AI assistant instructions?

Results of the summarizing process for the arXiv paper: 2303.01639v1

This paper's license doesn't allow us to build upon its content and the summarizing process is here made with the paper's metadata rather than the article.

, , , , In the field of speech interaction, recognizing whispered speech and converting it to normal speech opens up a plethora of possibilities. Whispered speech, characterized by significantly lower sound pressure compared to normal speech, can be utilized as a semi-silent form of communication in public settings without disturbing others. This not only enhances overall speech quality but also proves beneficial for individuals with speech or hearing impairments. Traditional methods of speech conversion often fall short in terms of conversion quality or rely on speaker-dependent datasets containing pairs of whispered and normal speech utterances. To overcome these limitations, a groundbreaking solution called WESPER has been introduced. WESPER stands out as a zero-shot, real-time whisper-to-normal speech conversion mechanism that leverages self-supervised learning techniques. At the core of WESPER lies a sophisticated architecture comprising a Speech-to-Unit (STU) encoder and a Unit-to-Speech (UTS) decoder. The STU encoder generates hidden speech units common to both whispered and normal speech, while the UTS decoder reconstructs the original speech from these encoded units. Notably, WESPER's innovative approach eliminates the need for paired datasets specific to individual speakers, making the conversion process user-independent. One of the key advantages of WESPER is its ability to reconstruct converted speech in any target speaker's voice using only unlabeled data from that speaker. This remarkable feature underscores the versatility and adaptability of WESPER in catering to diverse user needs without compromising on conversion quality or natural prosody. Extensive testing has confirmed that WESPER successfully enhances the quality of converted whispers while preserving their inherent prosodic characteristics. Furthermore, the proposed approach has demonstrated promising results in facilitating effective speech reconstruction for individuals with speech or hearing disabilities. Overall, WESPER represents a significant advancement in whisper-based speech interactions, offering an efficient and user-friendly solution that holds immense potential for revolutionizing communication technologies and improving accessibility for individuals with diverse communication needs.
Created on 16 Jan. 2025

Assess the quality of the AI-generated content by voting

Score: 0

Why do we need votes?

Votes are used to determine whether we need to re-run our summarizing tools. If the count reaches -10, our tools can be restarted.

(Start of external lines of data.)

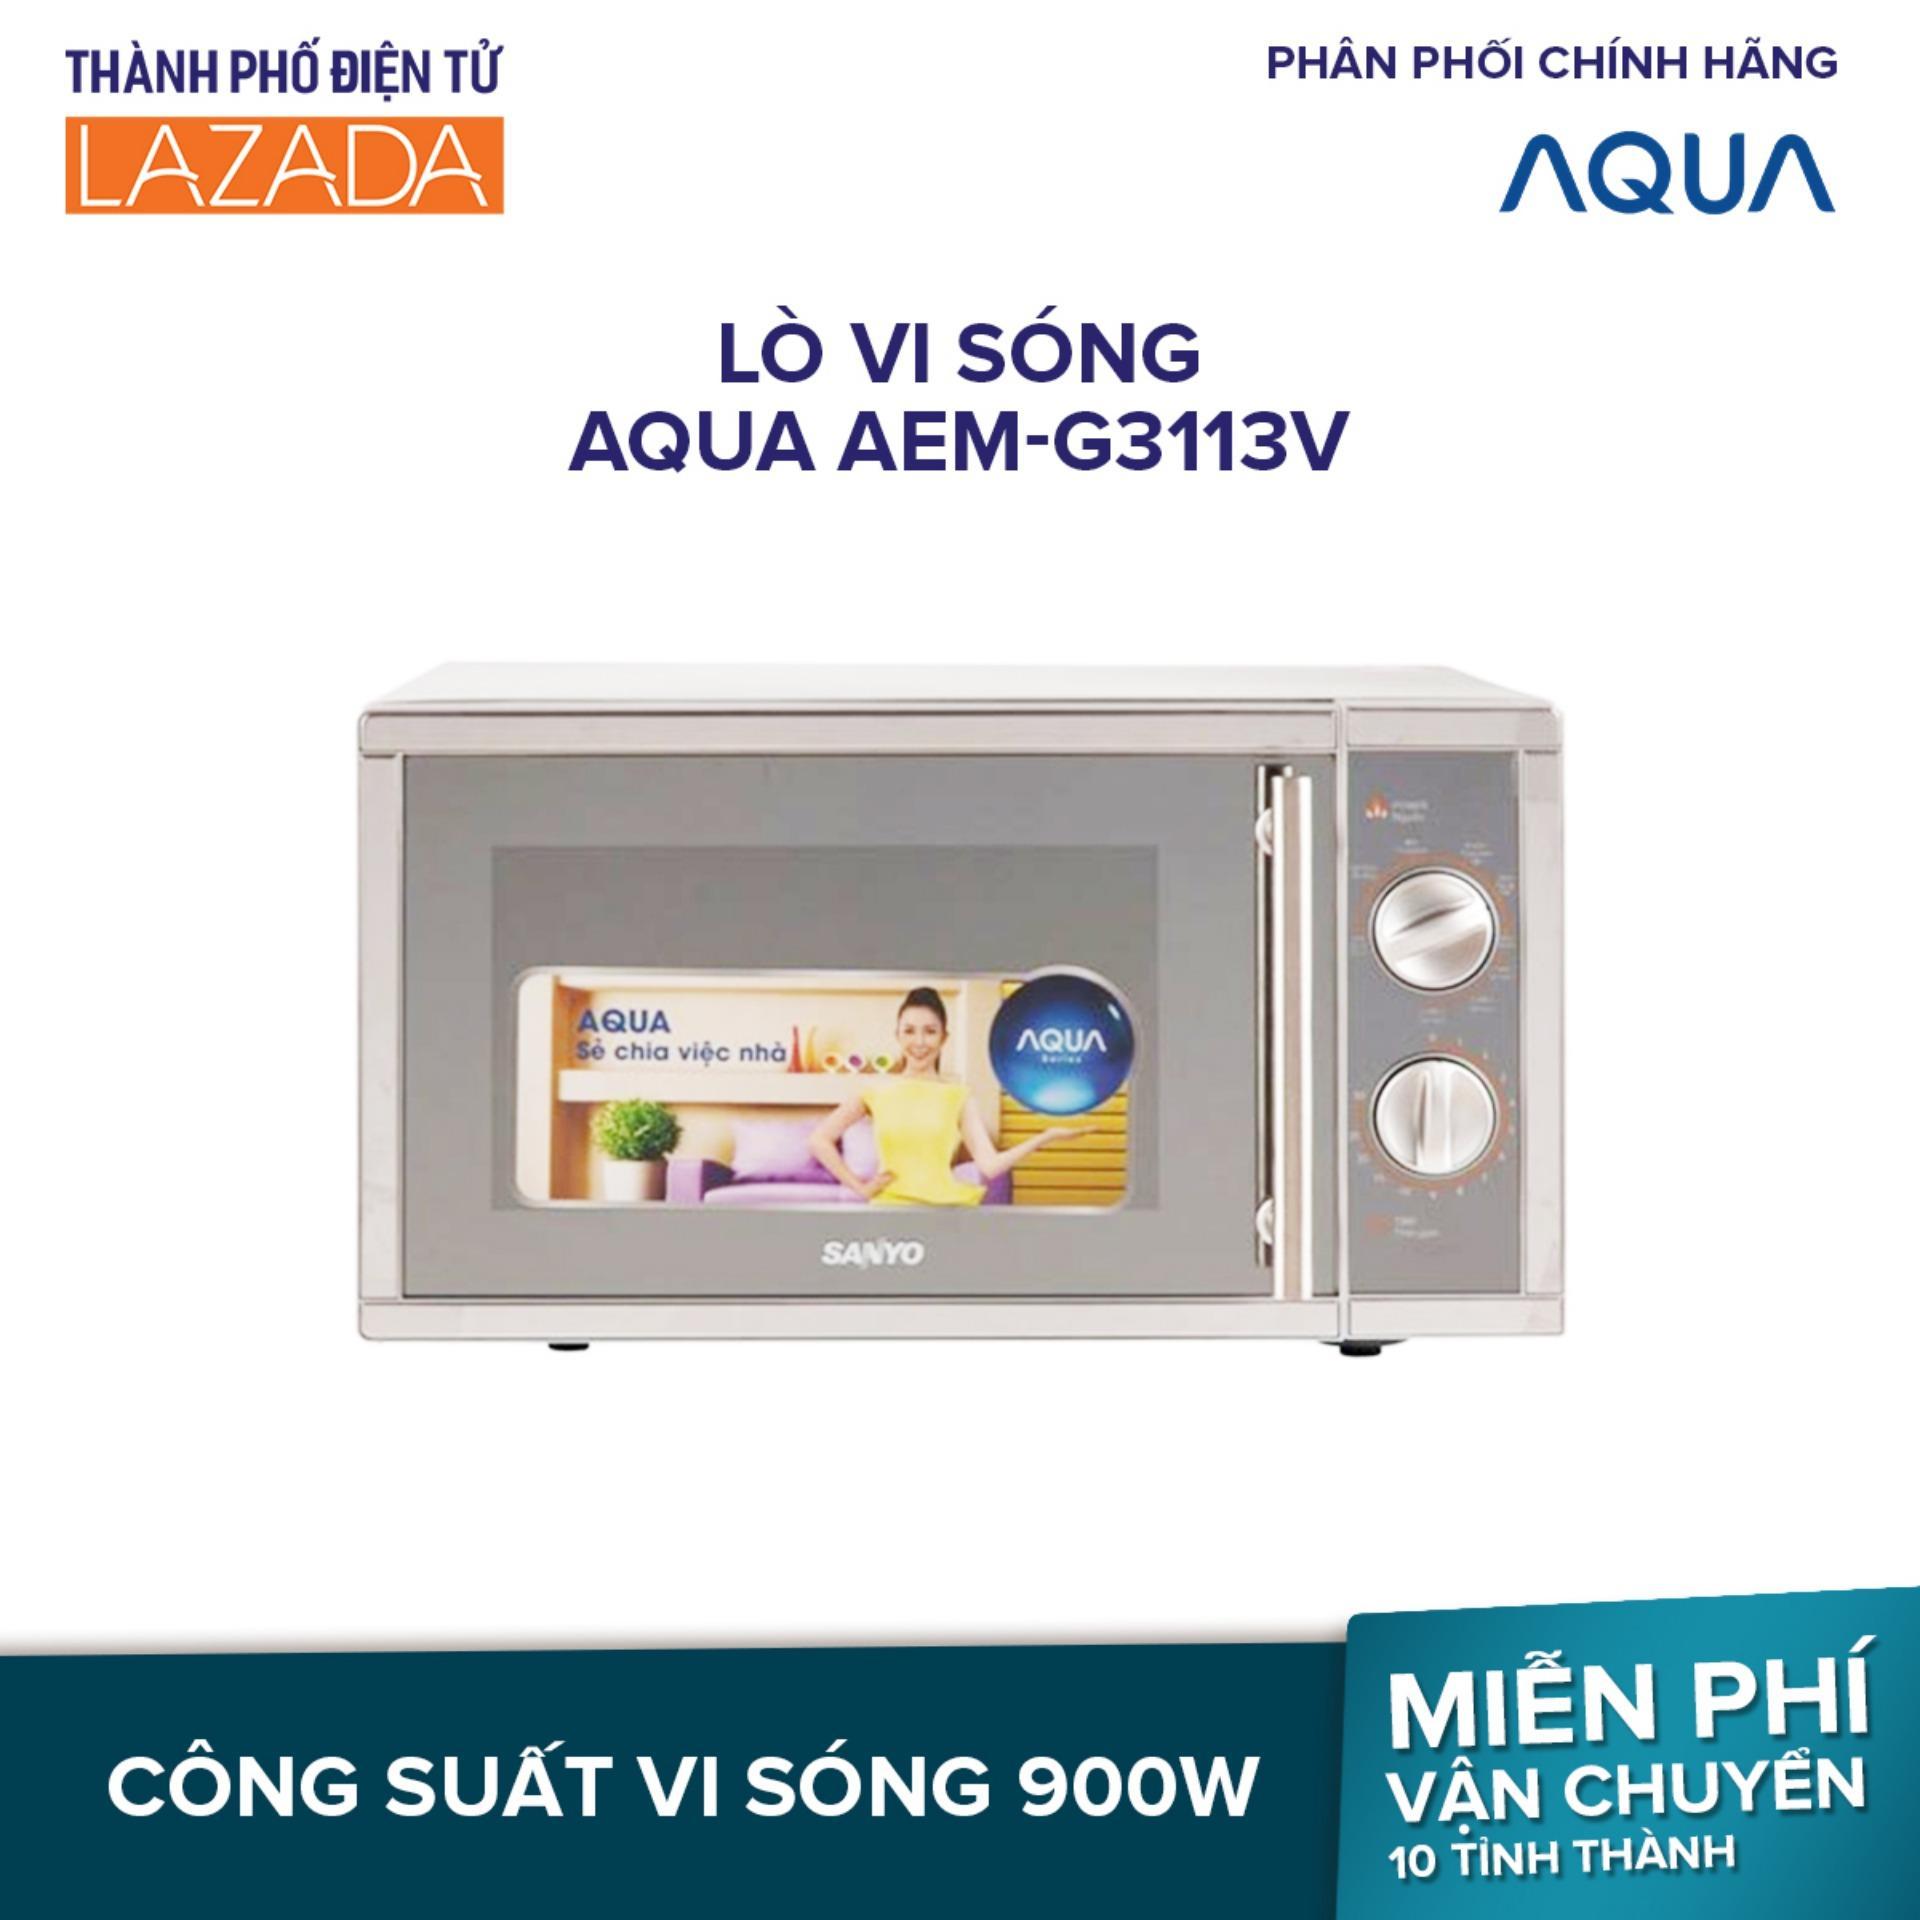 Lò vi sóng AQUA AEM-G3113V - Hàng phân phối chính hãng
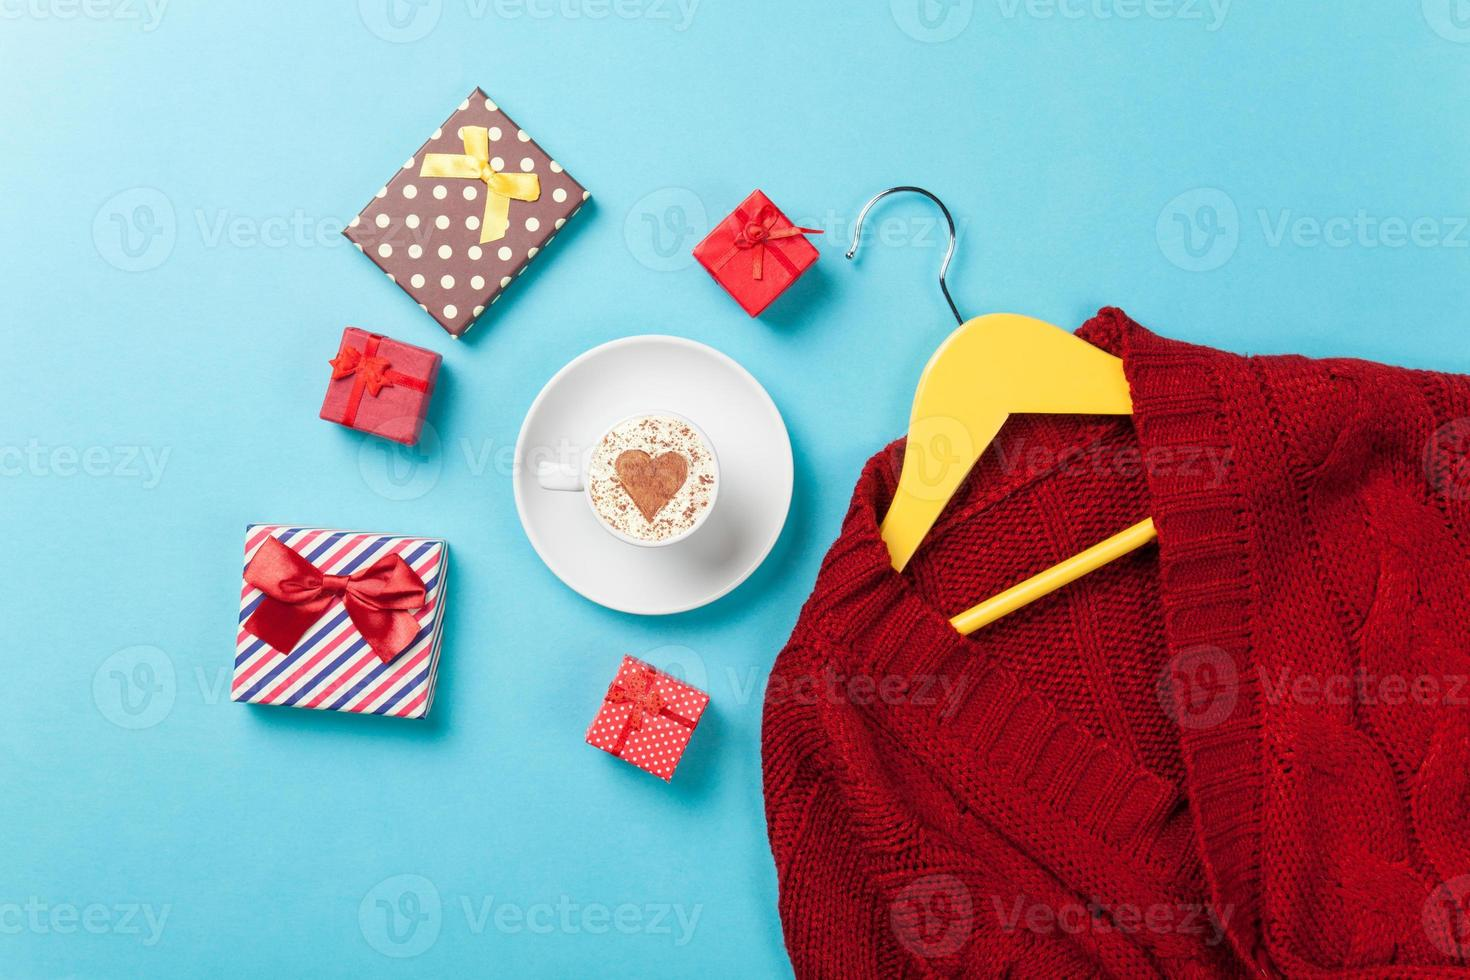 regalos y percha con suéter rojo foto
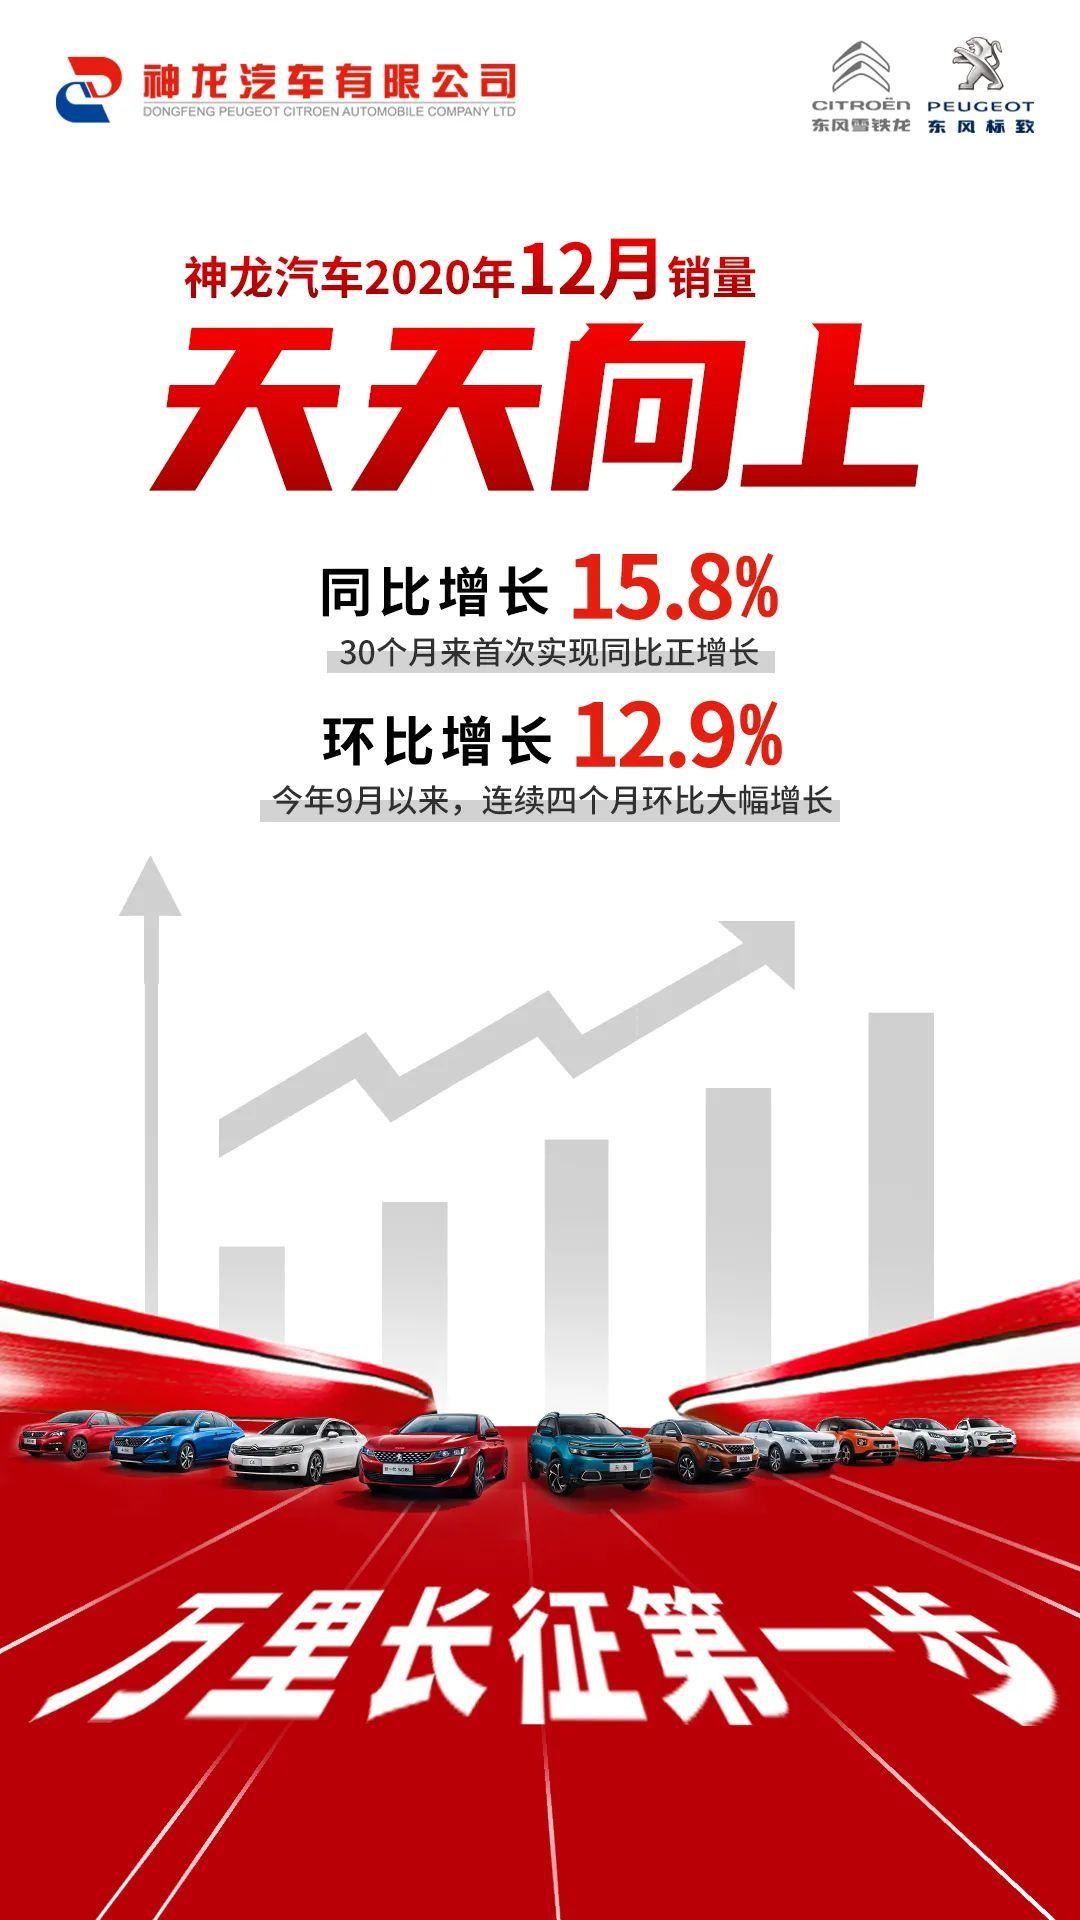 神龙汽车30个月来首次同比正增长

Similar papers summarized with our AI tools

Navigate through even more similar papers through a

tree representation

Look for similar papers (in beta version)

By clicking on the button above, our algorithm will scan all papers in our database to find the closest based on the contents of the full papers and not just on metadata. Please note that it only works for papers that we have generated summaries for and you can rerun it from time to time to get a more accurate result while our database grows.

Disclaimer: The AI-based summarization tool and virtual assistant provided on this website may not always provide accurate and complete summaries or responses. We encourage you to carefully review and evaluate the generated content to ensure its quality and relevance to your needs.